Task instructions: Please output the entries below from the line that contains "Acer Aspire 3" through the final line, reproduced exactly and alone.

Listed entries:
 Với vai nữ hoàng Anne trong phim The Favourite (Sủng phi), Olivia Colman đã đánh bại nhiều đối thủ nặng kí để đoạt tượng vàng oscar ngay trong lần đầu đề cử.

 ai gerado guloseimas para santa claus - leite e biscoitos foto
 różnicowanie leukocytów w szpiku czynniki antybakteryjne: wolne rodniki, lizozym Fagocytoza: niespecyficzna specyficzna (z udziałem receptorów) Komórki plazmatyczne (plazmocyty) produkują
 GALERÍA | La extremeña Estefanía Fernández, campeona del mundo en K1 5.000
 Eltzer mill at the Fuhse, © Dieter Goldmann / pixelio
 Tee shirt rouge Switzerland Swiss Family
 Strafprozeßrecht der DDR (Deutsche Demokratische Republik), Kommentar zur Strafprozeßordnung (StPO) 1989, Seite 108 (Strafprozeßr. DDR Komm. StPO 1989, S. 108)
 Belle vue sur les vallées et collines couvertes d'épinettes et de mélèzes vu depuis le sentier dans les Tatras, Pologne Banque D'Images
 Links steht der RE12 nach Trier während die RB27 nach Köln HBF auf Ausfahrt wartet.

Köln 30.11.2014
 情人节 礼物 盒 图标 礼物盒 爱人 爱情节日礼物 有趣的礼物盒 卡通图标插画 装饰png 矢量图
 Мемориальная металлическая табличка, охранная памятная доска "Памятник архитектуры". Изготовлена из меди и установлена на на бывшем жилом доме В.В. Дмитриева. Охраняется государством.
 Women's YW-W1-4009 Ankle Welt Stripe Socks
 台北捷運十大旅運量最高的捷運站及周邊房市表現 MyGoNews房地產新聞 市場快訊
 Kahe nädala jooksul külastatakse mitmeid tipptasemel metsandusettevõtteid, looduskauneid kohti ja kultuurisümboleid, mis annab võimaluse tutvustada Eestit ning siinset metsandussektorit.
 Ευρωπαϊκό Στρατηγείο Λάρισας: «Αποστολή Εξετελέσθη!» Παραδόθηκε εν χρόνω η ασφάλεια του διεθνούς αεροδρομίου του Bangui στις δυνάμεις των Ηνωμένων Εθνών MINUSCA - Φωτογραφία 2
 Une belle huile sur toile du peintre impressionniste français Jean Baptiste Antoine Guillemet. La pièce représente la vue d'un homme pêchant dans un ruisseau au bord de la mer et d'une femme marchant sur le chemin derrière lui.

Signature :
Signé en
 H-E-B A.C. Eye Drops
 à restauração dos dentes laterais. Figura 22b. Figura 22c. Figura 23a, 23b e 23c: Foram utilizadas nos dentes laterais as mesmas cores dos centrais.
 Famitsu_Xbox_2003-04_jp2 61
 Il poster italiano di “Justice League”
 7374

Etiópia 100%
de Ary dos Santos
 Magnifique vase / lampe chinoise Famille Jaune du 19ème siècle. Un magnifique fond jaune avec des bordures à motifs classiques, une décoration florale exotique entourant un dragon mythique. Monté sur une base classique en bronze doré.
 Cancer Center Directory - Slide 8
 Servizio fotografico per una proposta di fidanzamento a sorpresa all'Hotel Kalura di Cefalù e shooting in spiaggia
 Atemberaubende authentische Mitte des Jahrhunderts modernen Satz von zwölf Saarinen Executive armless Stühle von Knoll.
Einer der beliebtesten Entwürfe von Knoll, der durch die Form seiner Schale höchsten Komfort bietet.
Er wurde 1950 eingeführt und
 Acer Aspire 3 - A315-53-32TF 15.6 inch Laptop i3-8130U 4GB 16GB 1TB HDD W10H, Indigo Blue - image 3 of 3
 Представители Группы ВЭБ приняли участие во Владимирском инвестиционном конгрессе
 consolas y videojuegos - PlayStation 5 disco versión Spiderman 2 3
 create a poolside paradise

Worked solution:
 Acer Aspire 3 - A315-53-32TF 15.6 inch Laptop i3-8130U 4GB 16GB 1TB HDD W10H, Indigo Blue - image 3 of 3
 Представители Группы ВЭБ приняли участие во Владимирском инвестиционном конгрессе
 consolas y videojuegos - PlayStation 5 disco versión Spiderman 2 3
 create a poolside paradise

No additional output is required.